Neurofibromatosis type 1 (NF1) is one of the most prevalent dominantly inherited genetic diseases of the nervous system. NF1 encodes a tumor suppressor whose functional loss results in the development of benign neurofibromas that can progress to malignancy. Neurofibromas are complex tumors composed of axonal processes, Schwann cells, fibroblasts, perineurial cells, and mast cells. Through use of a conditional (cre/lox) allele, we show that loss of NF1 in the Schwann cell lineage is sufficient to generate tumors. In addition, complete NF1-mediated tumorigenicity requires both a loss of NF1 in cells destined to become neoplastic as well as heterozygosity in non-neoplastic cells. The requirement for a permissive haploinsufficient environment to allow tumorigenesis may have therapeutic implications for NF1 and other familial cancers.

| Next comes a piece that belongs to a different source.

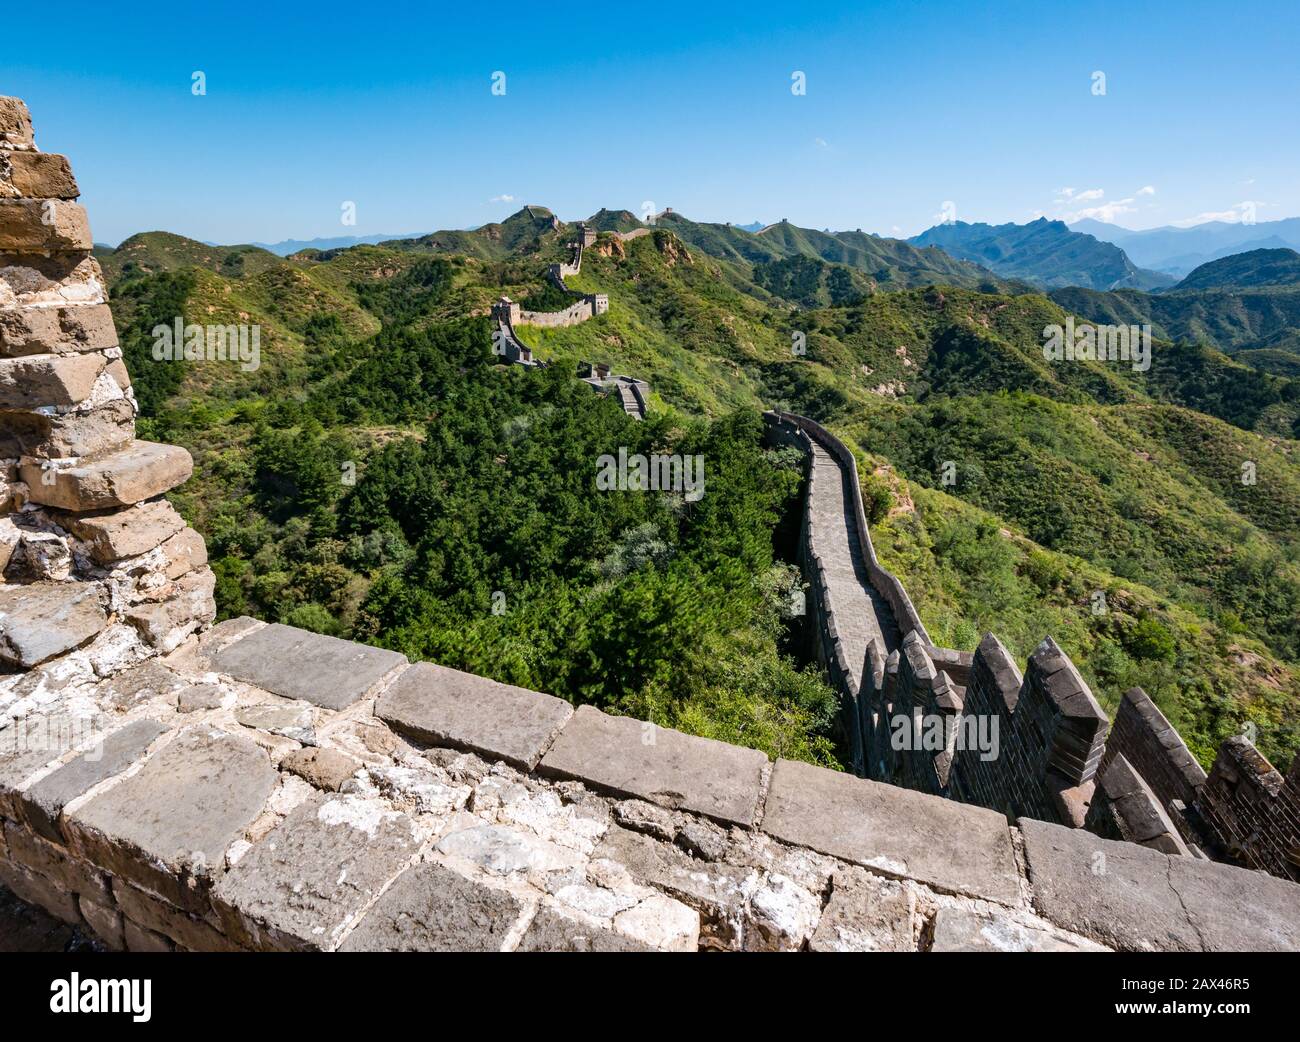 Ming-Dynastie Jinshanling Chinesische Mauer mit Wachtürmen, die in die Ferne auf dem Bergrücken, China, Asien führen Stockfoto

Approximately 1 in 3500 individuals is born with a mutation in the NF1 gene and, because afflicted individuals can be long-lived, most mutations are retained within the population (13). The NF1 gene encodes neurofibromin, a protein of 2818 amino acids that harbors a functional Ras-GAP (guanosine triphosphatase activating protein) domain in its central region (4, 5). Neurofibromin is highly conserved among vertebrate species and has a 60% protein-wide homology with the Drosophila homolog (6).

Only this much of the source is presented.